As we pause to pay respect to our brave soldiers who fought on distant shores, an equally courageous group must also be remembered – the women who remained.
Without a single text, email or status update for reassurance, the womenfolk endured what must have seemed like an endless silence, with only the hackneyed adage ”no news is good news” for psychological comfort.
So what did they do to fill this emotional void – amongst an inventive array of homecrafts, they baked. Unable to be at the side of their loved ones, they did what most of us do to protect our broods as they go forth into the world – nourished their souls in the best ways they could think of: fruit cakes and biscuits.
And if we can recall our own intense care and attention lavished on first-day lunch boxes, then I guess we have some minor benchmark to compare the love and concern that went into the parcels of baked goods, sent lovingly to their cherished.

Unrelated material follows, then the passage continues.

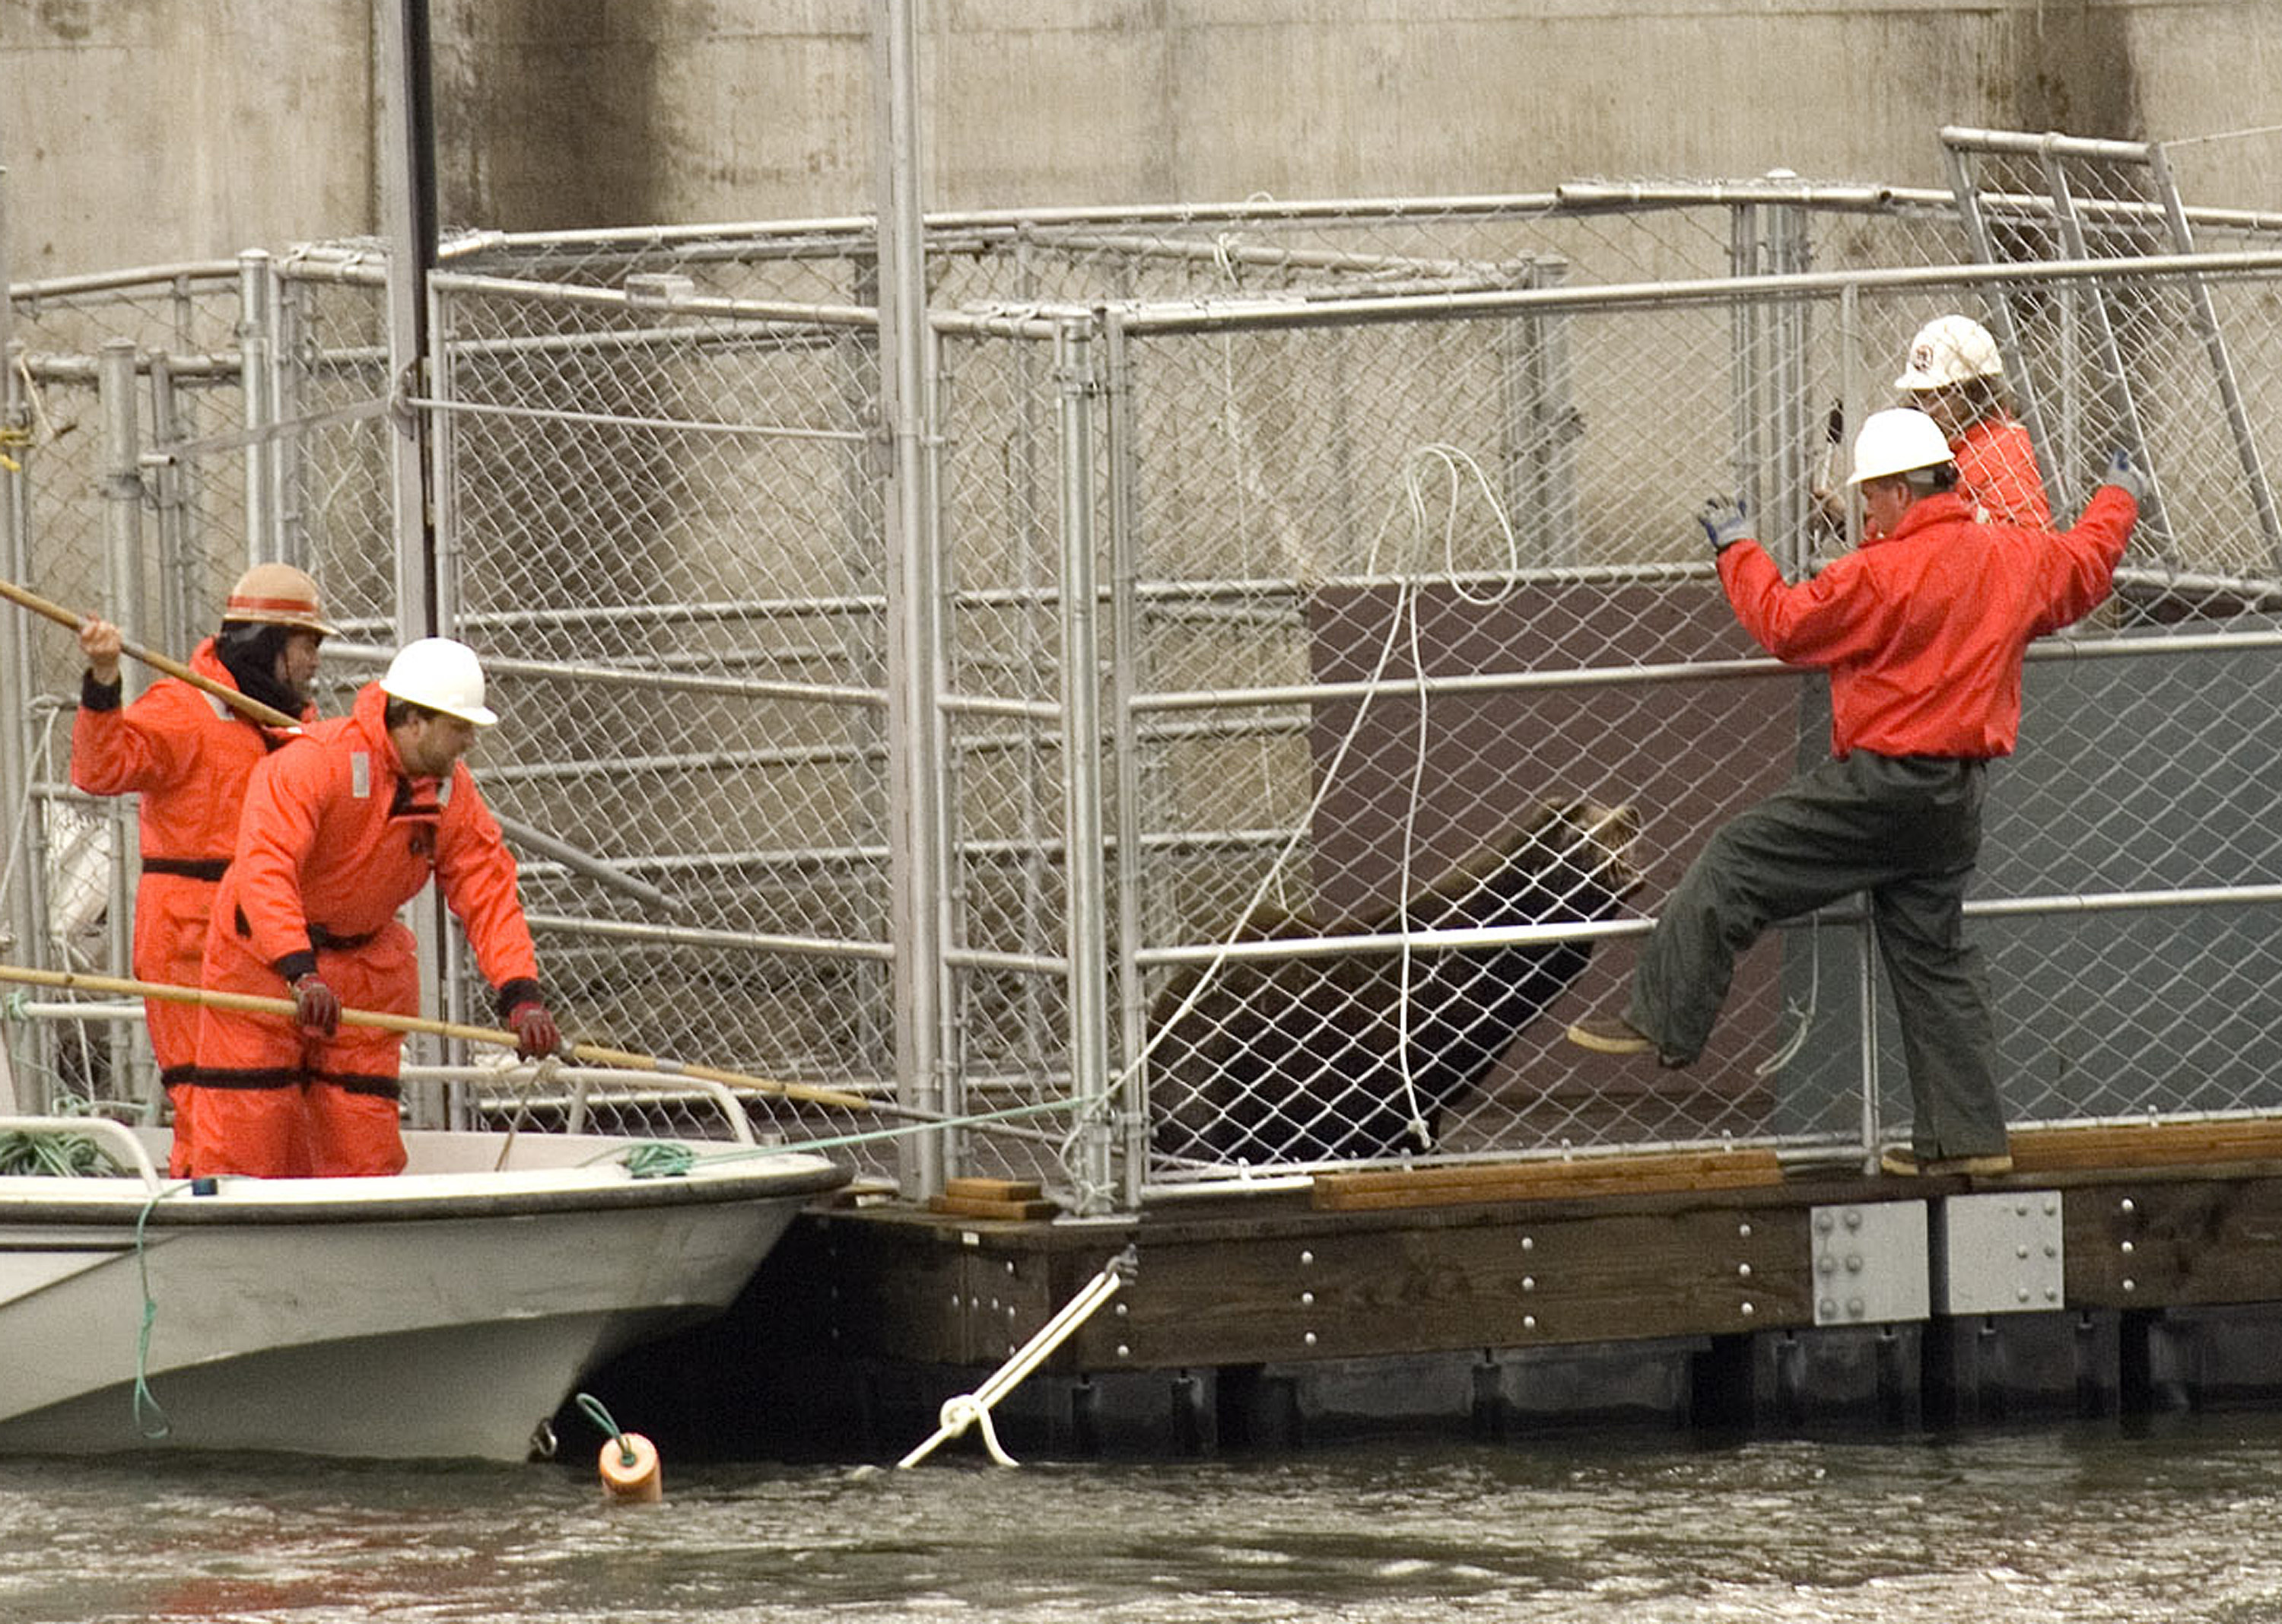 Congress OKs bill to allow killing sea lions to help salmon

Anzac biscuits have become an iconic representation within this time of tribute, and lest we forget those who baked them.
1 cup rolled oats
3/4 cup desiccated coconut
1 cup plain flour
1 cup caster sugar
1 tbsp golden syrup
2 tbsp boiling water
1 1/2 tsp bicarbonate of soda
Preheat oven to 150 degrees celsius. Grease or line baking trays will silicone paper.

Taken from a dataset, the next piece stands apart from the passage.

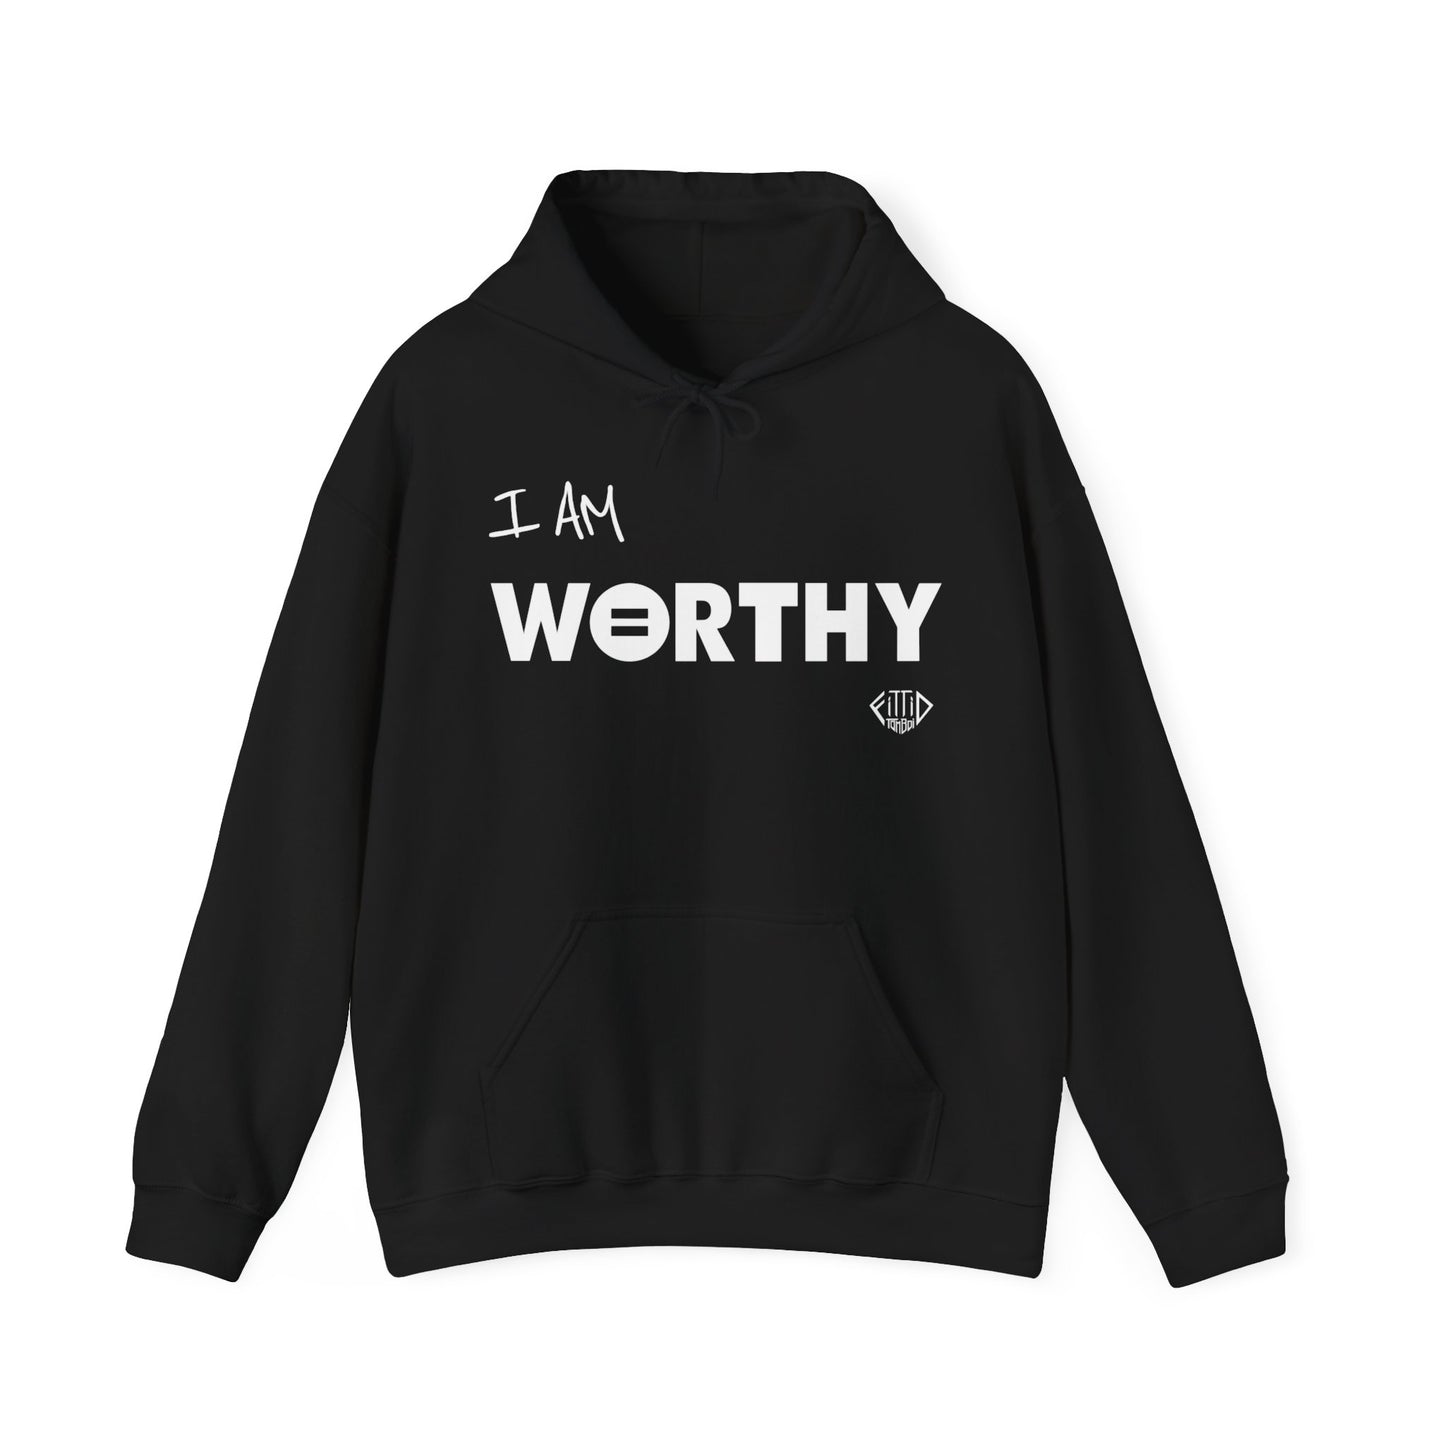 I AM WORTHY Hooded Sweatshirt

Combine first four dry ingredients in a large bowl.
Melt butter and golden syrup over a low heat.
Mix the boiling water with the bicarbonate of soda and add this to the butter and golden syrup mix (it should foam well).

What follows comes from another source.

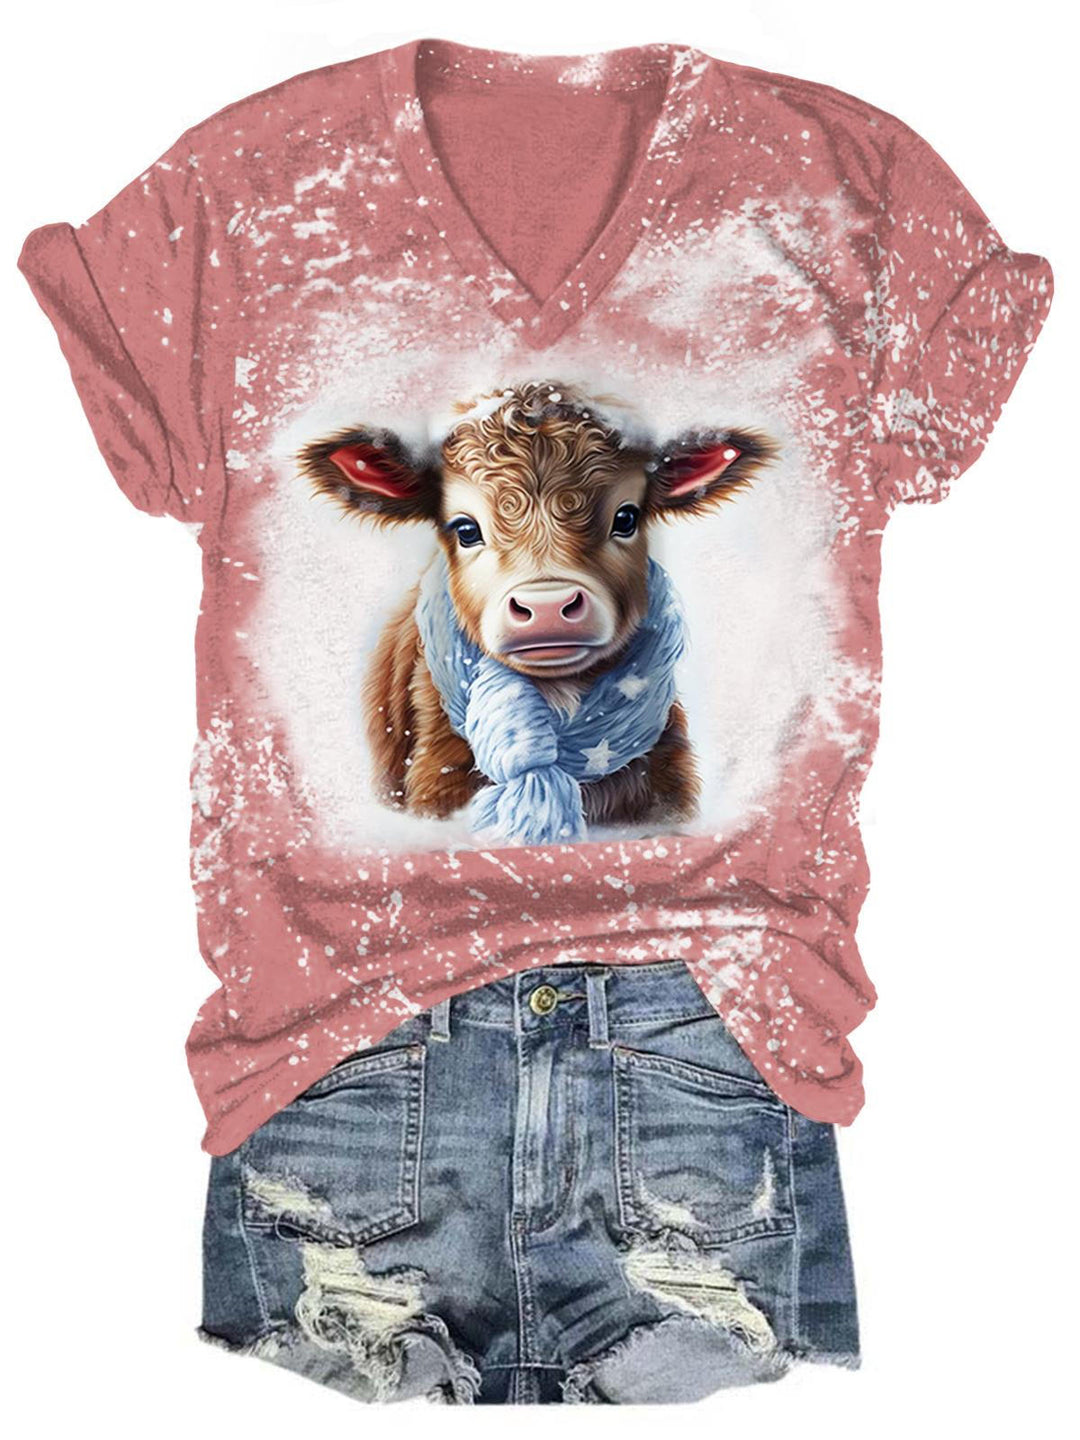 Women's Winter Cow Tie Dye Print Short Sleeve Top

Add this wet mix to the dry mix and mix well.
Place tablespoonfuls of the mixture onto the prepared trays and bake for approximately 20 minutes or until golden brown.
(Biscuits will harden as they cool. Makes approximately 24)
Postscript: Even though much of the baking finding its way to the front had perished or disintegrated upon arrival, the intention and love packed within the parcel remains forever intact.